22/04/14 19:55:38 INFO RunIndexActionExecutor: Total remaining instants to index: 1
22/04/14 19:55:38 INFO HoodieTableMetaClient: Loading HoodieTableMetaClient from /tmp/hudi-ny-taxi/.hoodie/metadata
22/04/14 19:55:38 INFO HoodieTableConfig: Loading table properties from /tmp/hudi-ny-taxi/.hoodie/metadata/.hoodie/hoodie.properties
22/04/14 19:55:38 INFO HoodieTableMetaClient: Finished Loading Table of type MERGE_ON_READ(version=1, baseFileFormat=HFILE) from /tmp/hudi-ny-taxi/.hoodie/metadata
22/04/14 19:55:38 INFO HoodieActiveTimeline: Loaded instants upto : Option{val=[20220414195423420__deltacommit__COMPLETED]}
22/04/14 19:55:38 INFO RunIndexActionExecutor: Starting index catchup task
...
Drop Index
To drop an index, just run the index in dropindex
mode.
spark-submit \
--jars "packaging/hudi-utilities-slim-bundle/target/hudi-utilities-slim-bundle_2.12-1.0.0.jar,packaging/hudi-spark-bundle/target/hudi-spark3.5-bundle_2.12-1.0.0.jar" \
--class org.apache.hudi.utilities.HoodieIndexer \
/Users/home/path/to/hudi-utilities-slim-bundle/target/hudi-utilities-slim-bundle_2.12-1.0.0.jar \
--props /Users/home/path/to/indexer.properties \
--mode dropindex \
--base-path /tmp/hudi-ny-taxi \
--table-name ny_hudi_tbl \
--index-types COLUMN_STATS \
--parallelism 1 \
--spark-memory 2g
Caveats
Asynchronous indexing feature is still evolving. Few points to note from deployment perspective while running the indexer:
- Files index is created by default as long as the metadata table is enabled.

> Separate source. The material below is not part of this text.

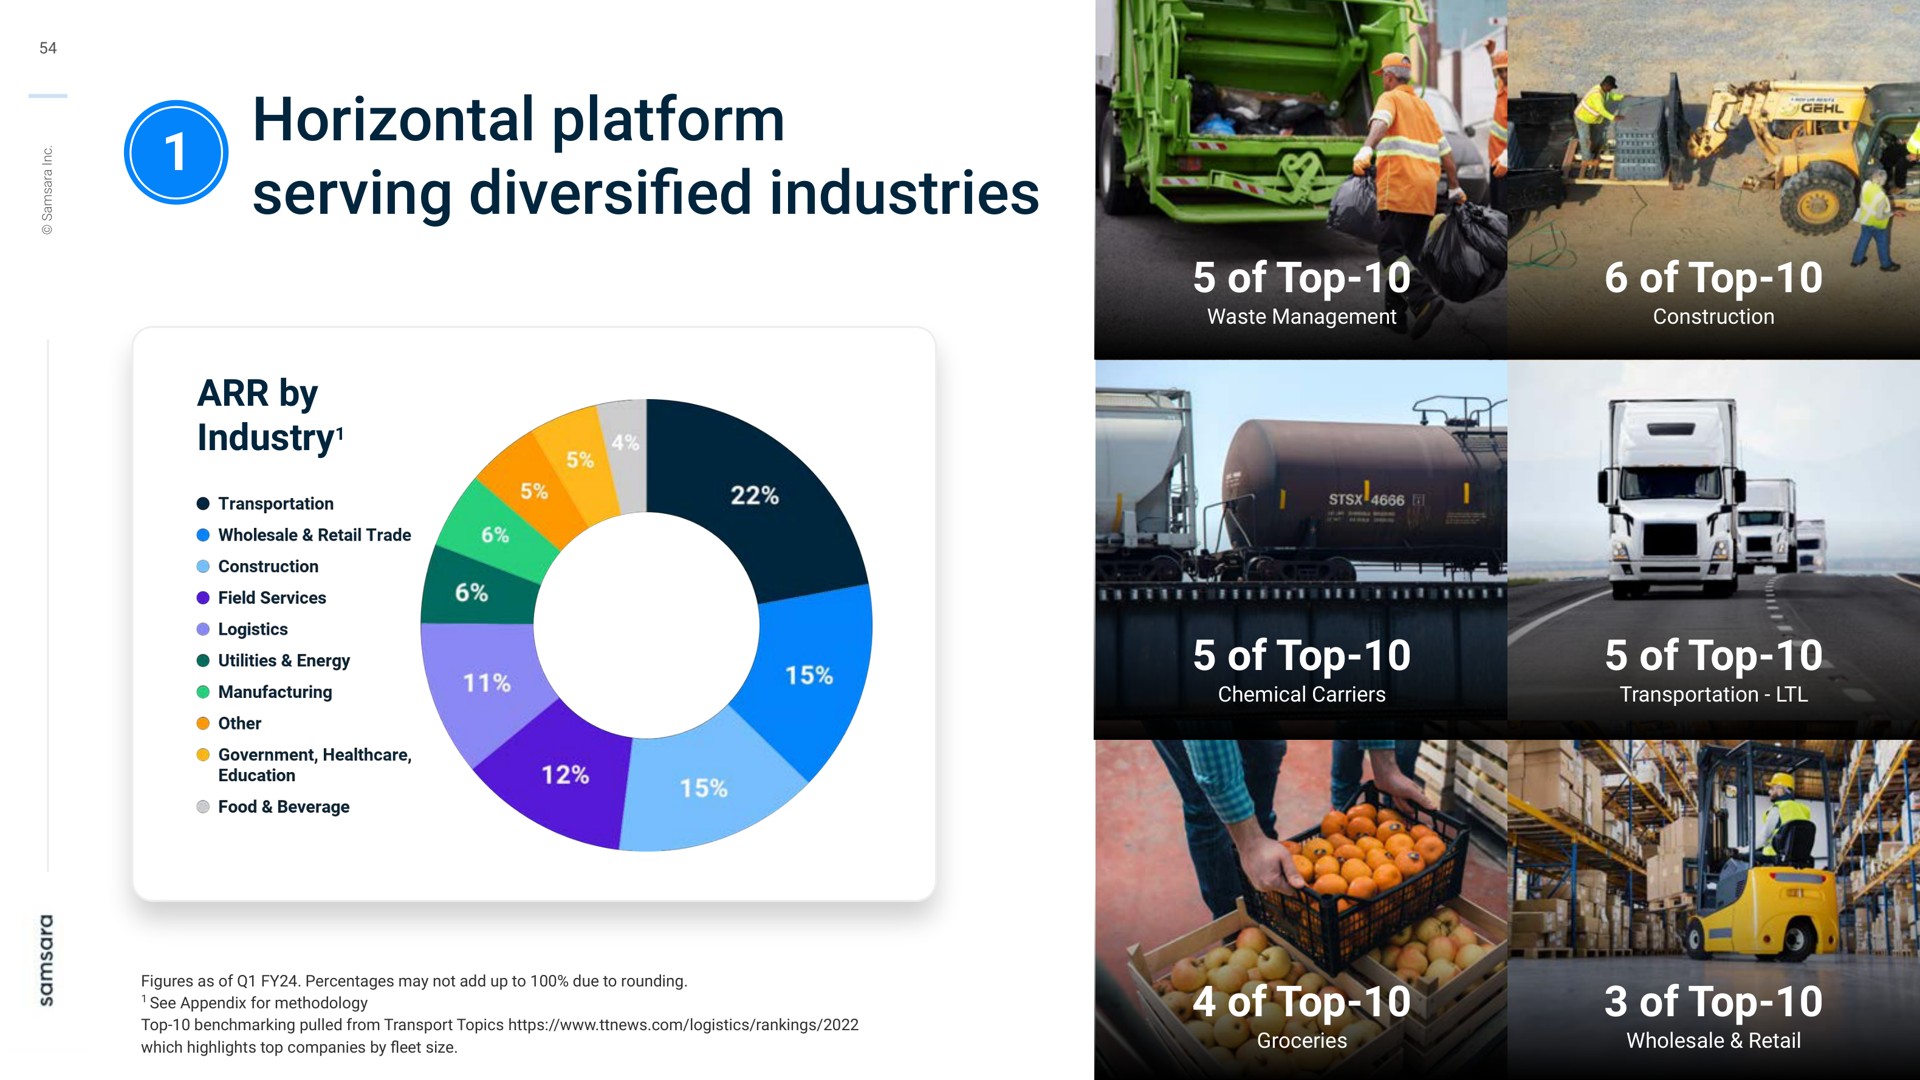 horizontal platform serving industries diversified aryl | Samsara

- Trigger indexing for one metadata partition (or index type) at a time.
- If an index is enabled via async indexing, then ensure that index is also enabled in configs corresponding to regular ingestion writers. Otherwise, metadata writer will think that particular index was disabled and cleanup the metadata partition.
Some of these limitations will be removed in the upcoming releases. Please follow HUDI-2488 for developments on this feature.